Leetcode Concatenated Words problem solution

In this Leetcode  Concatenated Words problem solution Given an array of strings words (without duplicates), return all the concatenated words in the given list of words.

A concatenated word is defined as a string that is comprised entirely of at least two shorter words in the given array.

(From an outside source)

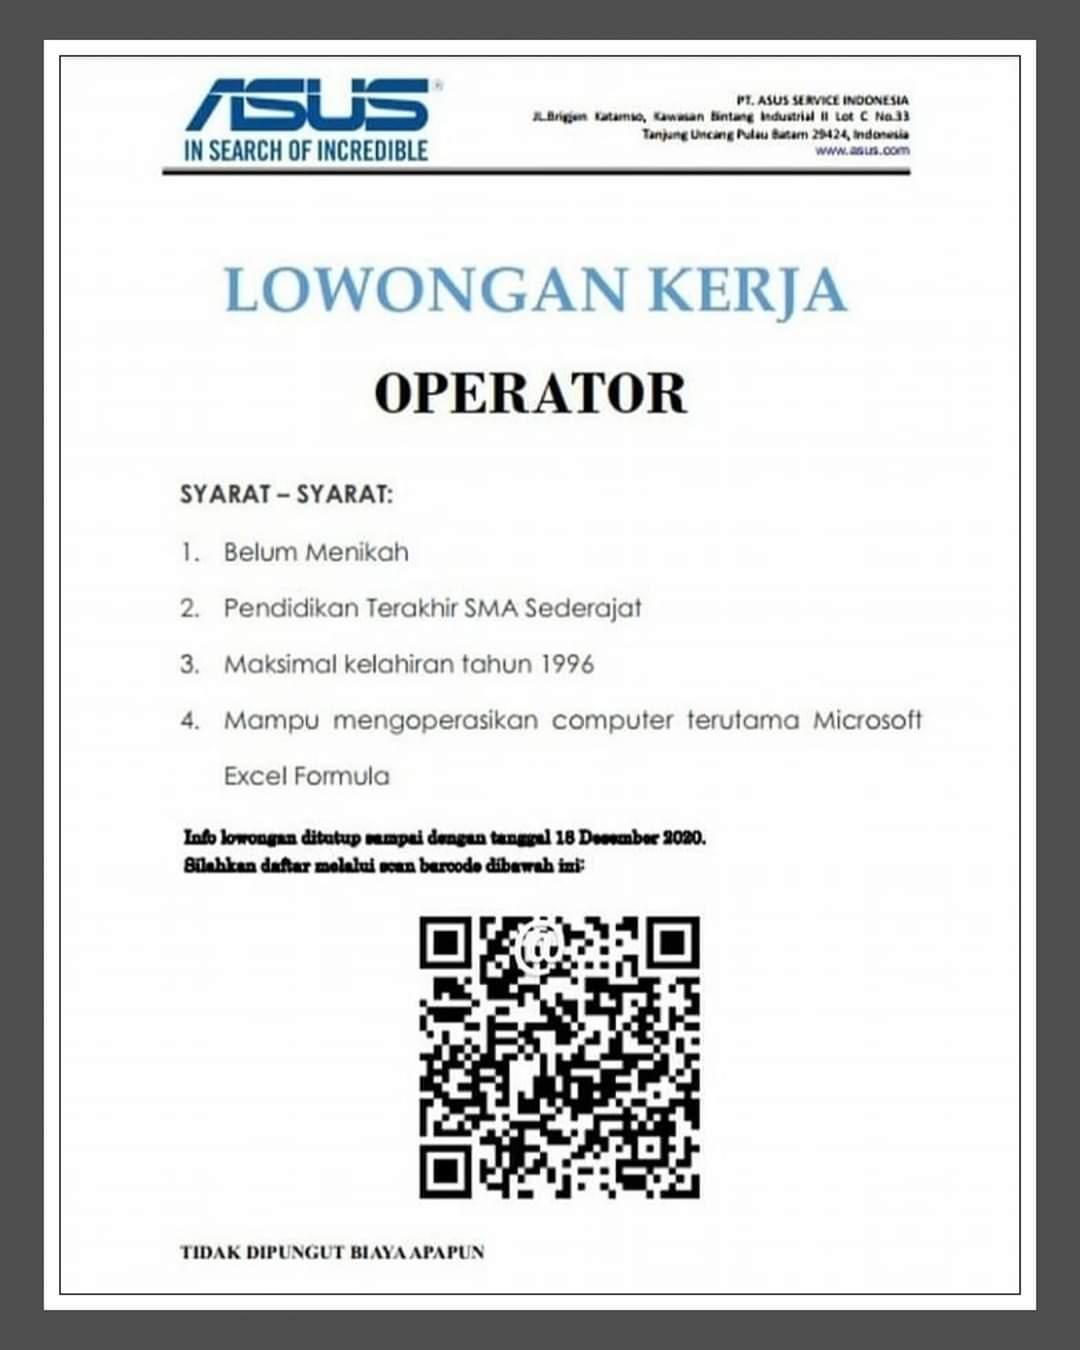 Lowongan Kerja Batam Pt Asus Service Indonesia 15 12 2020 Lowongan Kerja Batam Terbaru Hari Ini 2021

Leetcode  Concatenated Words problem solution

Problem solution in Python.

class Solution:
    def findAllConcatenatedWordsInADict(self, words: List[str]) -> List[str]:
        self.dic = set(words)
        return [word for word in words if self.DFS(word, {})]
    
    def DFS(self, word, memo) -> bool:
        if word in memo: return memo[word]
        
        memo[word] = False
        for i in range(1, len(word)):
            prefix = word[:i]
            suffix = word[i:]
            
            if prefix in self.dic and suffix in self.dic: 
                memo[word] = True
                break
            if prefix in self.dic and self.DFS(suffix, memo):
                memo[word] = True
                break
        return memo[word]

Problem solution in Java.

class Solution {
    public List<String> findAllConcatenatedWordsInADict(String[] words) {
        Arrays.sort (words, new Comparator<String>(){
            @Override
            public int compare(String s1, String s2){
                return s1.length() - s2.length();
            }
        });
        List<String> finAns = new ArrayList<>();
        Set<String> preWords = new HashSet<>();
        for (int i = 0; i < words.length; i++) {
            if (present (words[i], preWords))
                finAns.add (words[i]);
            preWords.add(words[i]);
        }
        return finAns;
    }
    
    public boolean present (String word, Set<String> preWords) {
        if (preWords.isEmpty()) return false;
        boolean[] dp = new boolean[word.length()+1];
        dp[0] = true;
        for (int i = 1; i <= word.length(); i++) {
            for (int j = 0; j < i; j++) {
                if (!dp[j]) continue;
                if (preWords.contains(word.substring(j, i))) {
                    dp[i] = true;
                    break;
                }
            }
        }
        return dp[word.length()];
    }
}

Problem solution in C++.

struct trie{
    trie* ptr[26];
    bool isword;
    trie(){
        for(int i=0;i<26;i++)ptr[i] = NULL;
        isword = false;
    }
};

typedef trie* tptr;
void insert(tptr t,string s){
    for(int i=0;i<s.length();i++){
        if(!t->ptr[s[i]-'a'])t->ptr[s[i]-'a'] = new trie();
        t = t->ptr[s[i]-'a'];
    }
    t->isword = true;
}
bool morethan2(tptr root,string s,int i=0,int cnt=1){
    tptr t = root;
    for(int j=i;j<s.length();j++){
        if(!t->ptr[s[j]-'a'])return false;
        t = t->ptr[s[j]-'a'];
        if(t->isword && morethan2(root,s,j+1,cnt+1))return true;
    }
    return (t->isword && cnt>1);
}

class Solution {
public:
    vector<string> findAllConcatenatedWordsInADict(vector<string>& words) {
        tptr t = new trie();
        int n = words.size();
        for(string s : words)if(!s.empty())insert(t,s);
        vector<string>ans;
        for(string s : words){
            if(morethan2(t,s))ans.emplace_back(s);
        }
        
        return ans;
    }
};